Author 2 books7 followers
March 3, 2013
I wish this book had spent more time discussing the actual contests in which FDR attempted to purge conservative Democrats. Instead, the first half of the book discussed his administration and goals, a topic in which I have been swimming for two years thanks to Directed Readings research. All of that aside, the book is well written and includes some nice photographs of FDR through the late 30s.
168 reviews6 followers
October 18, 2025
An example of a book where you get the sense the author realized midway through writing that there simply wasn’t enough material to support a full book length treatment.

FDR’s “purge” of conservative Democrats, such as it was, amounted in Dunn’s telling to a pretty half-hearted effort to back liberal challengers to a three or four Senators. In one case, Georgia, he actually appeared in person to endorse his man (Lawrence Camp) — awkwardly the conservative incumbent, Walter George, was present too and had to listen in silence as the president called for his defeat. But in all the others, Dunn depicts FDR as barely intervening, or at best awkwardly wading. His waffling over supporting Otha Wearin in Iowa seemed characteristic: other than in Georgia, he never showed up personally to push for his man, instead choosing roundabout tactics like sending his son James to say kind words.

It all failed, of course. Camp lost to George, and managed to get third behind the racist demagogue Ernest Talmadge. (This book is, among other things, a catalog of the various obscene and creative ways in which 1930s Southern politicians used the N-word.) Wearin was crushed. Poor old Davey Lewis in Maryland gave up a safe House seat only to get walloped by incumbent FDR enemy Millard Tydings, who I previously only knew as beloved in the Philippines for his role in independence.

And that it failed wasn’t, as Dunn herself notes, surprising. The effort was poorly organized, FDR didn’t commit significant financial or persuasive resources behind it, and no effort was made to recruit optimal candidates in these states and others. That in turn makes it hard to draw broader lessons. Is the takeaway that FDR was wrong to try to accelerate partisan sorting along ideological grounds? I mean, maybe. But a halfway competent attempt might have gone further. It’s difficult to learn about the merits of an idea when it’s only half-executed.

So Dunn fills up much of the book with irrelevant anecdotes about Roosevelt (he caught a shark!) and a final chapter that just rehashes every presidential race from 1948 to 2008. Once we were talking about Obama’s surprise victory in Indiana, the natural question was “what exactly is this book even about?” It’s especially frustrating because there are still details of the purge it fails to explore.

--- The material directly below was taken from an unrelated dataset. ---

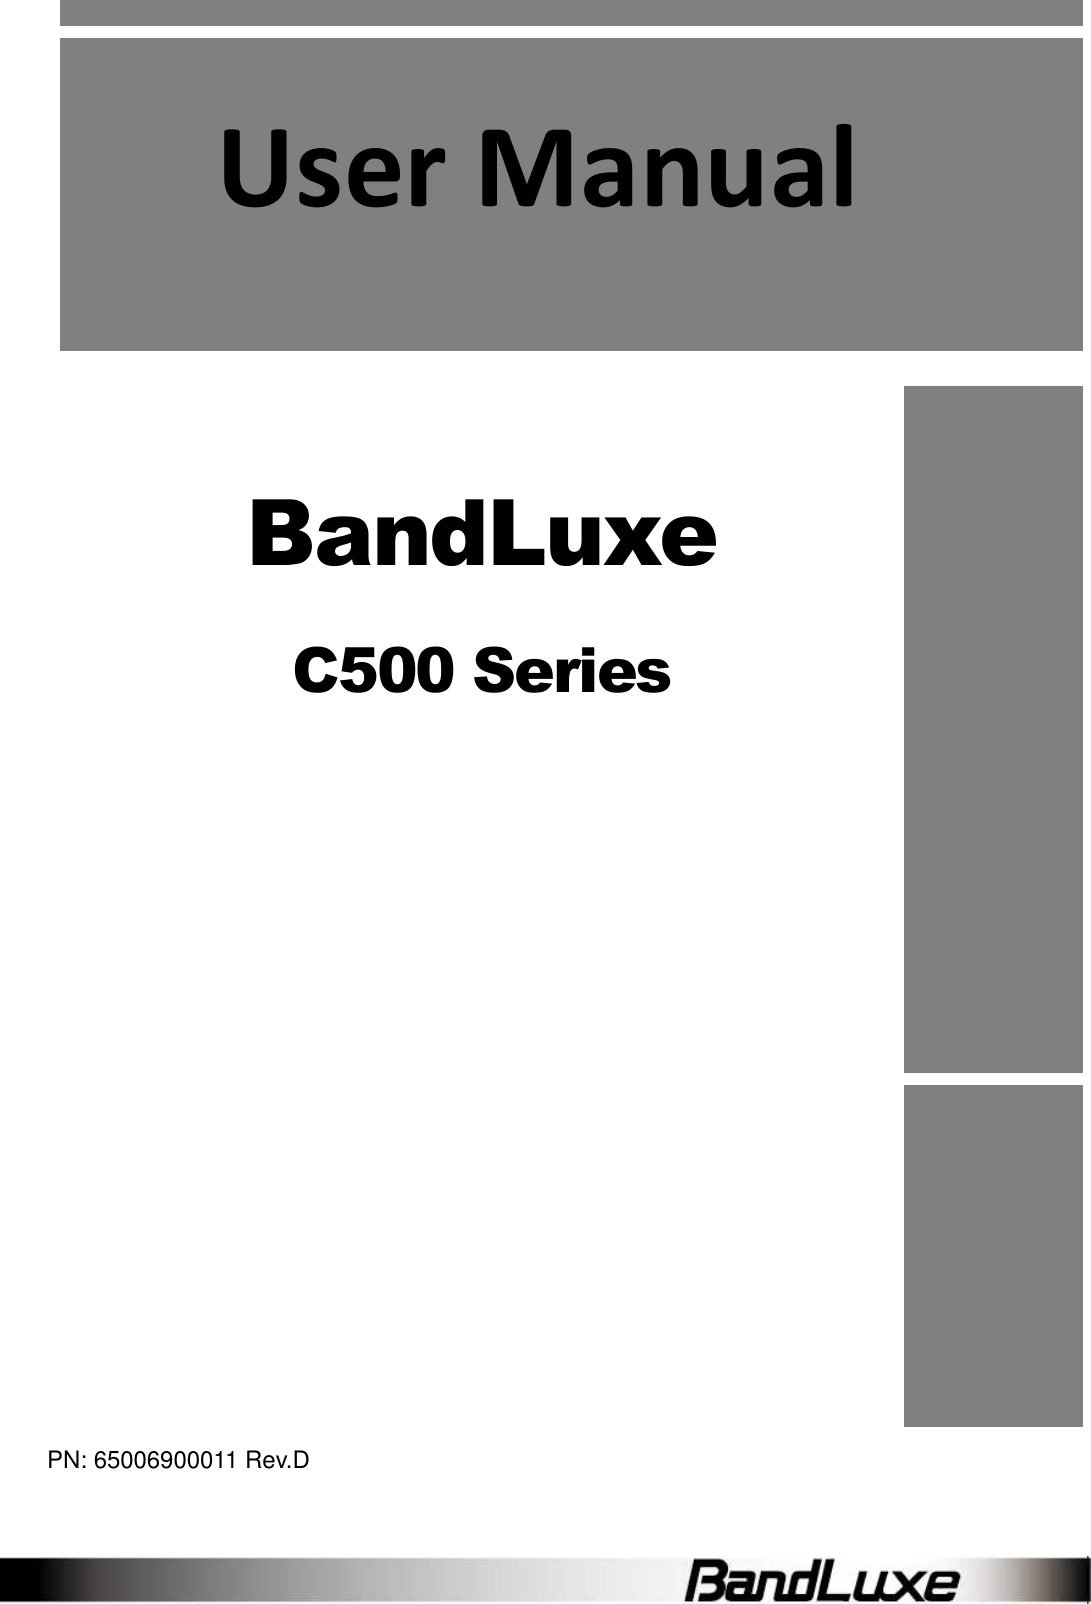              User Manual     BandLuxe C500 Series          PN: 65006900011 Rev.D

North Carolina’s Robert Reynolds was challenged unsuccessfully by New Dealer Franklin Hancock in 1938, and Dunn simply doesn’t mention it at all. That would’ve been a worthier inclusion than the hundredth rehashing of Nixon’s Southern Strategy.
Profile Image for Andrew Figueiredo.
348 reviews14 followers
November 4, 2024
A decent read about FDR's largely failed efforts to remake the Democratic Party into *the* progressive party in 1938. Incensed by conservatives' rejection of court-packing, executive reorganization, and a minimum wage increase, President Roosevelt undertook varying degrees of action in competitive Democratic primaries. He lost most of these efforts, and mysteriously decided against supporting certain progressives like Congressman Maury Maverick. Dunn gets props for bringing to light political history that doesn't get talked about enough, although it could use better organization and she goes off on an unnecessary partisan tangent at the end.